## PROBLEM TO WORK ON
A verbatim copy of the data is wanted, minus any picture in it.

## COLLECTED DATA
•••
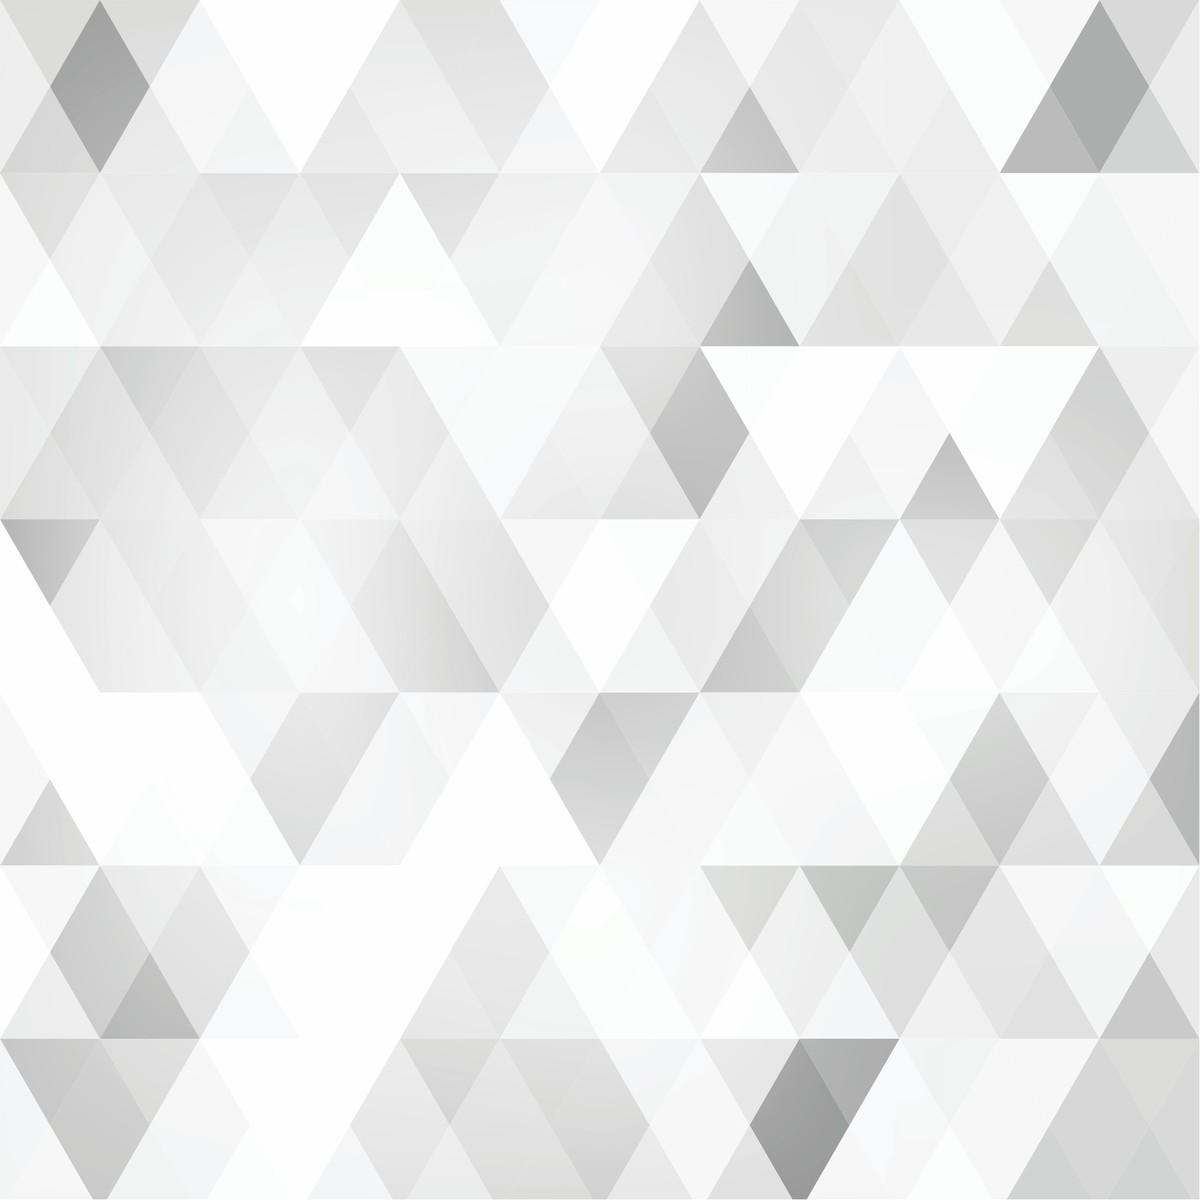 7ad3f3e95 Adesivo Papel de Parede - Geométrico Cinza Prata ESCOLHA COR no Elo7 ...
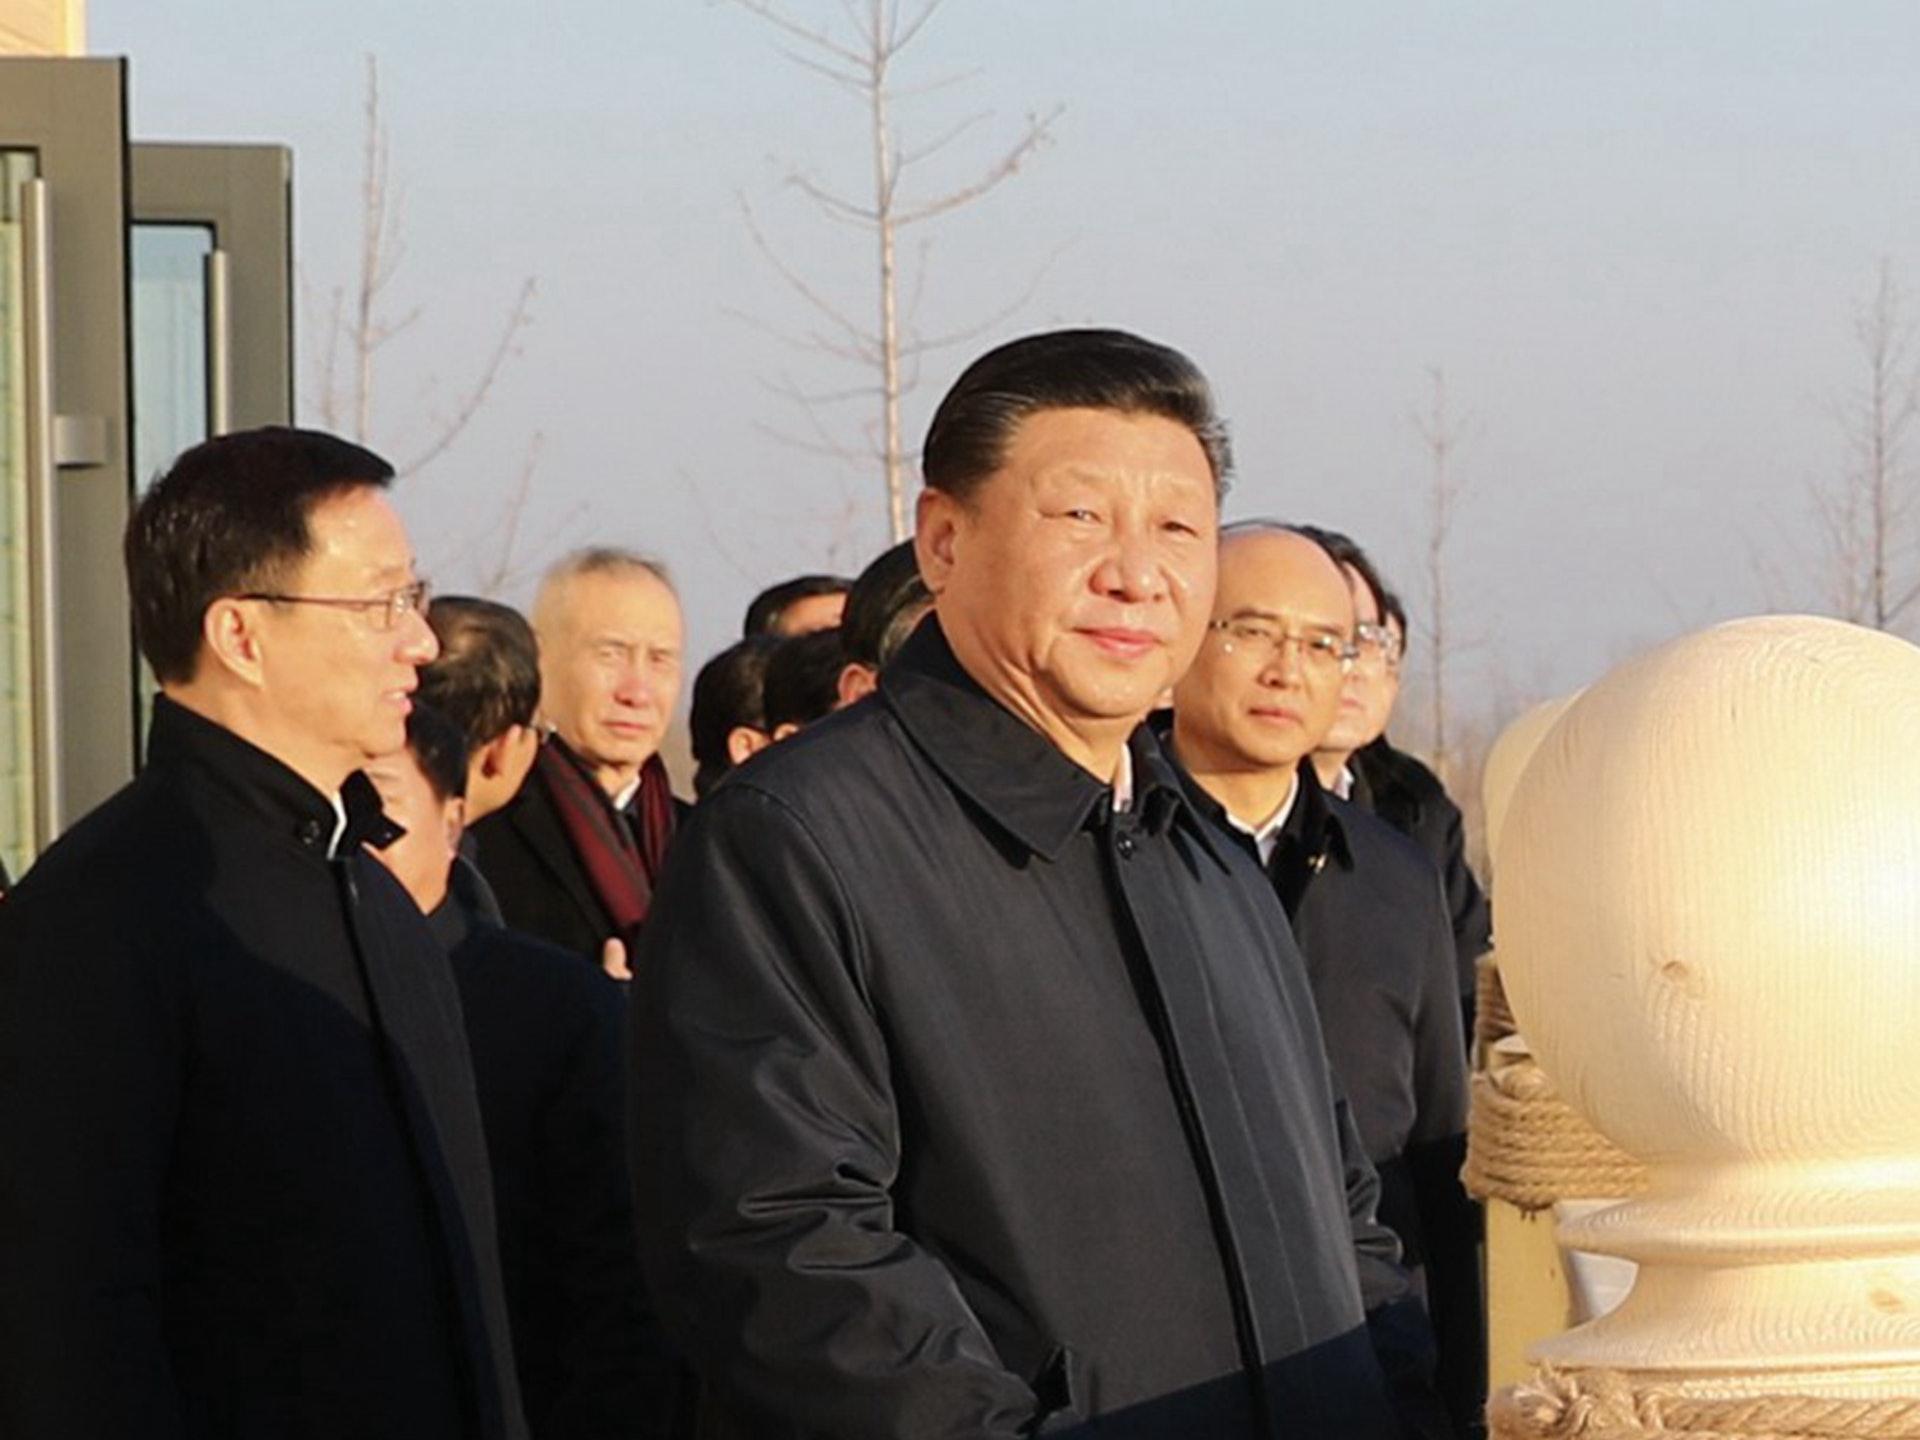 韩正(左一)曾在今年初陪同习近平(右)视察雄安新区。(新华社)
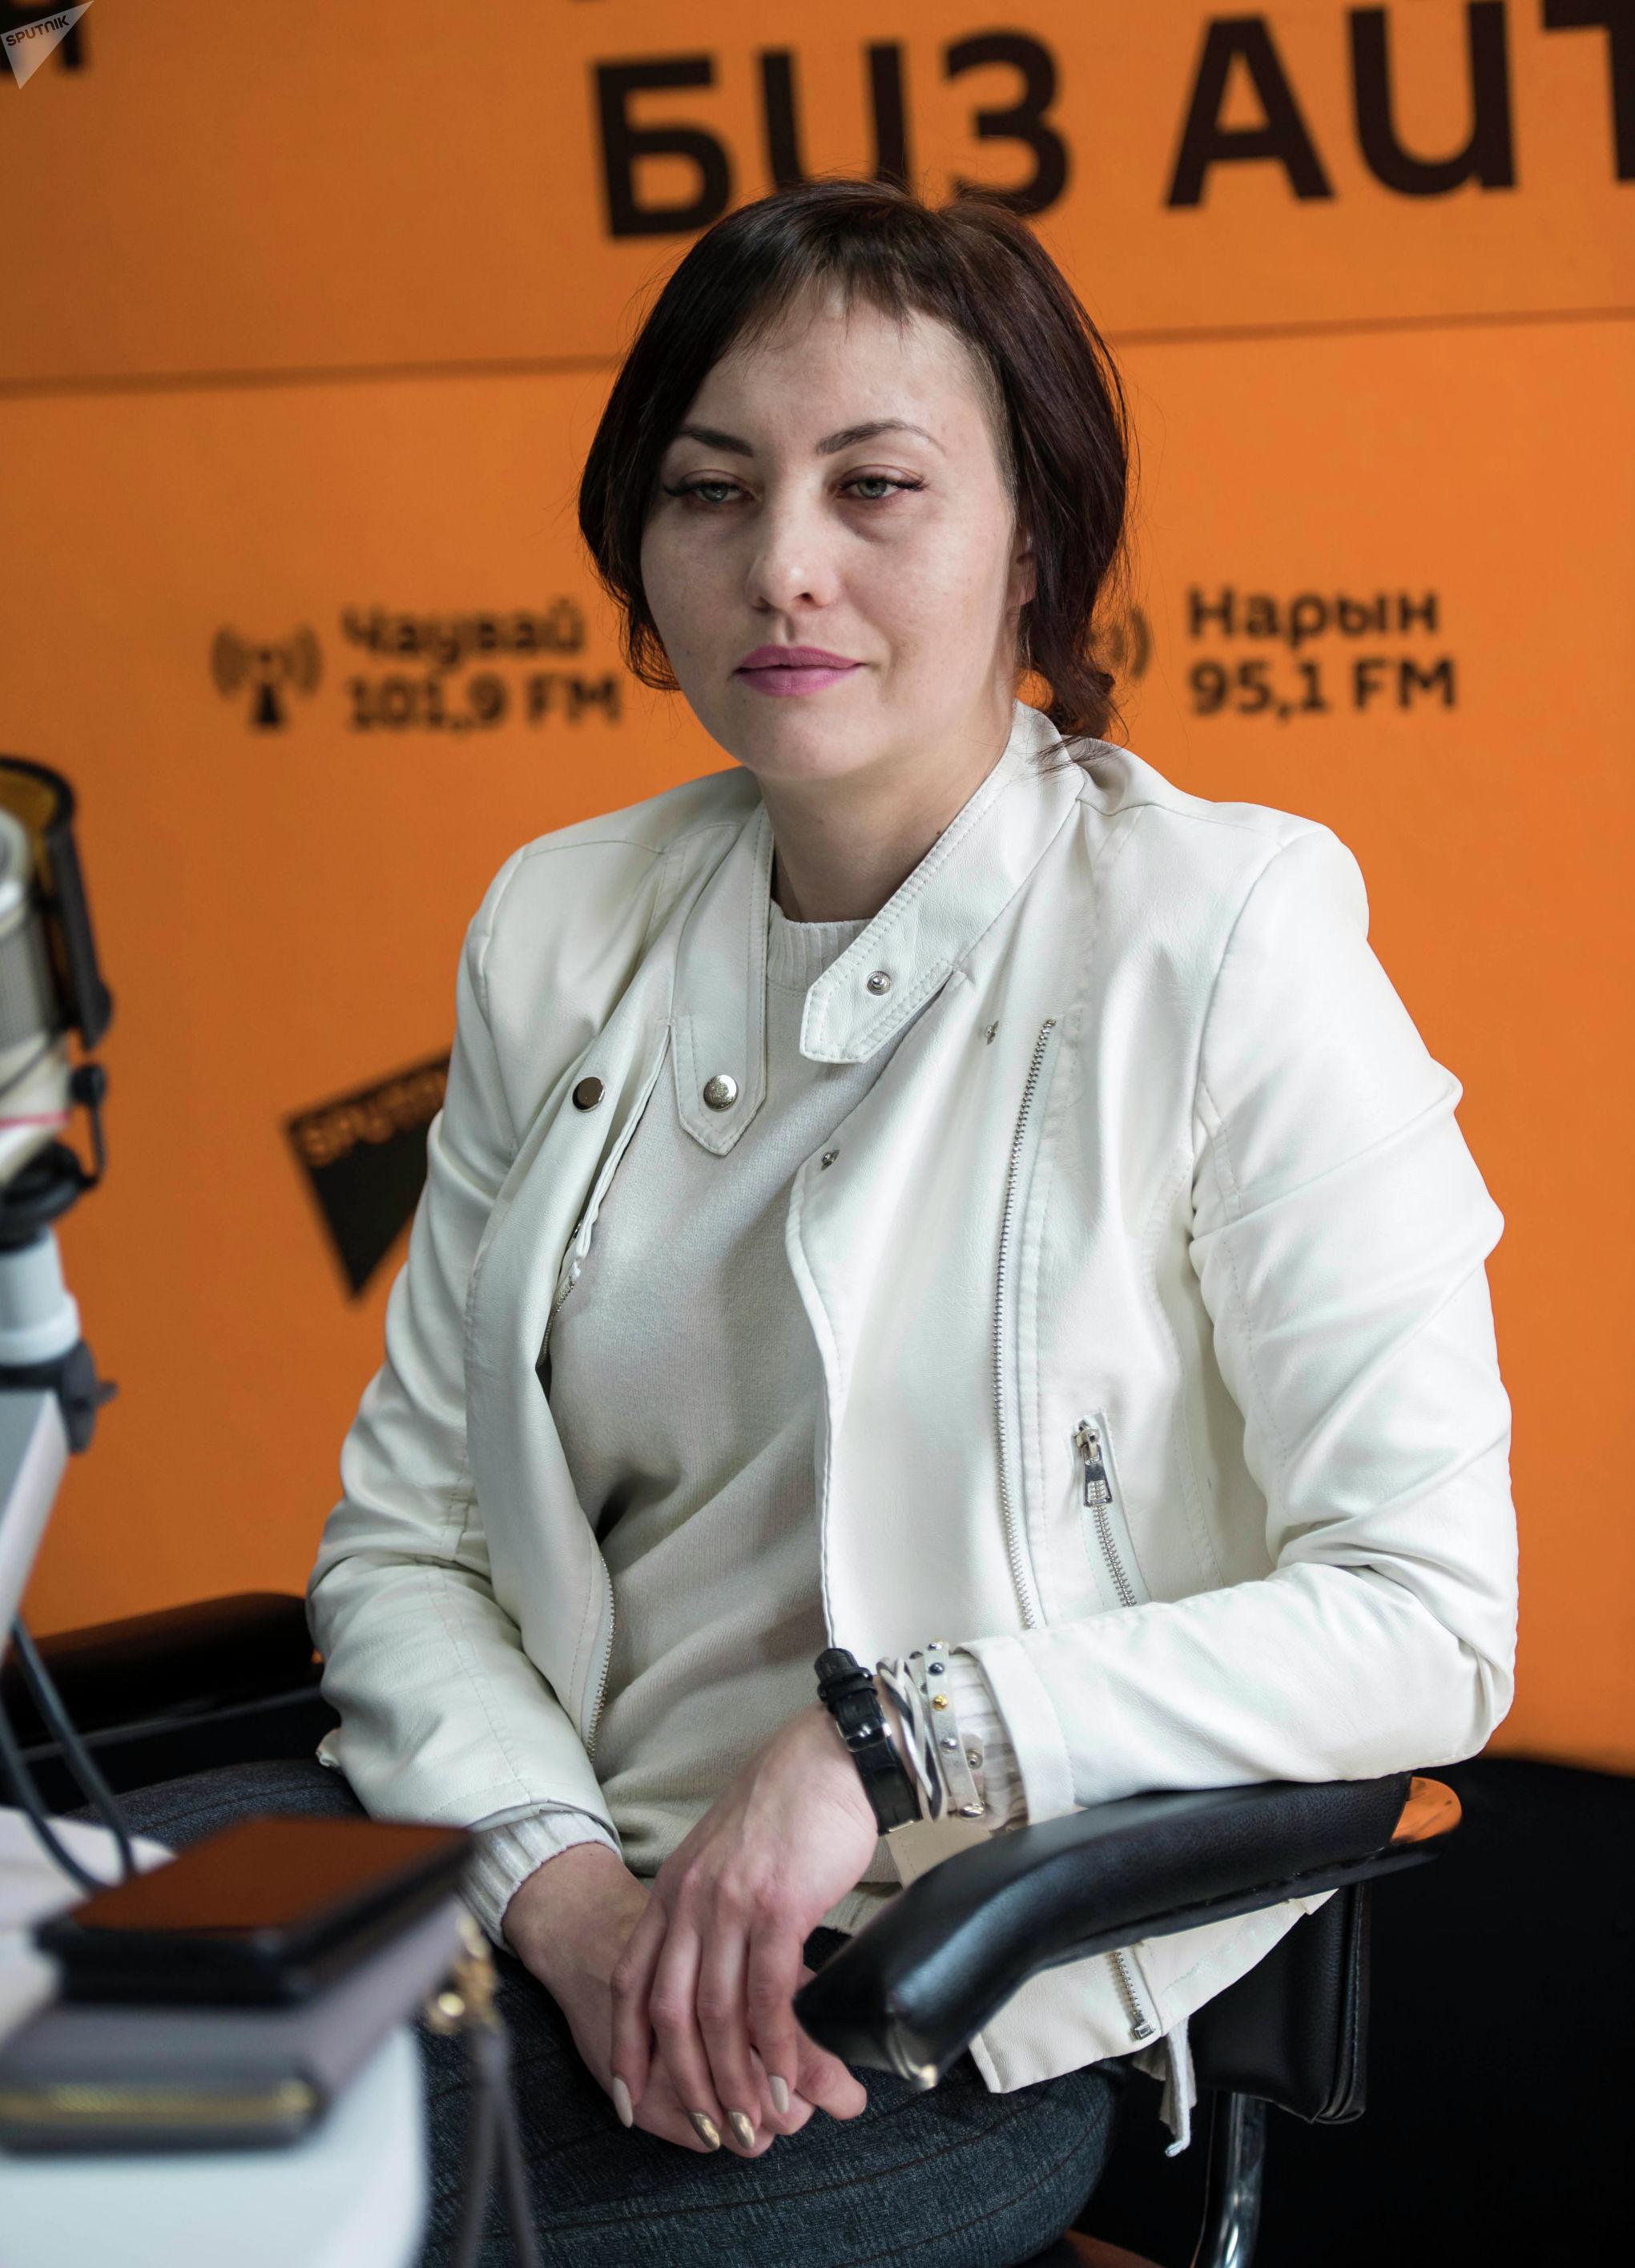 Представитель инициативной группы СОБ Валерия Садыгалиева во время беседы на радио Sputnik Кыргызстан
•••
## SOLUTION TO THIS TASK
 7ad3f3e95 Adesivo Papel de Parede - Geométrico Cinza Prata ESCOLHA COR no Elo7 ...
 韩正(左一)曾在今年初陪同习近平(右)视察雄安新区。(新华社)
 Представитель инициативной группы СОБ Валерия Садыгалиева во время беседы на радио Sputnik Кыргызстан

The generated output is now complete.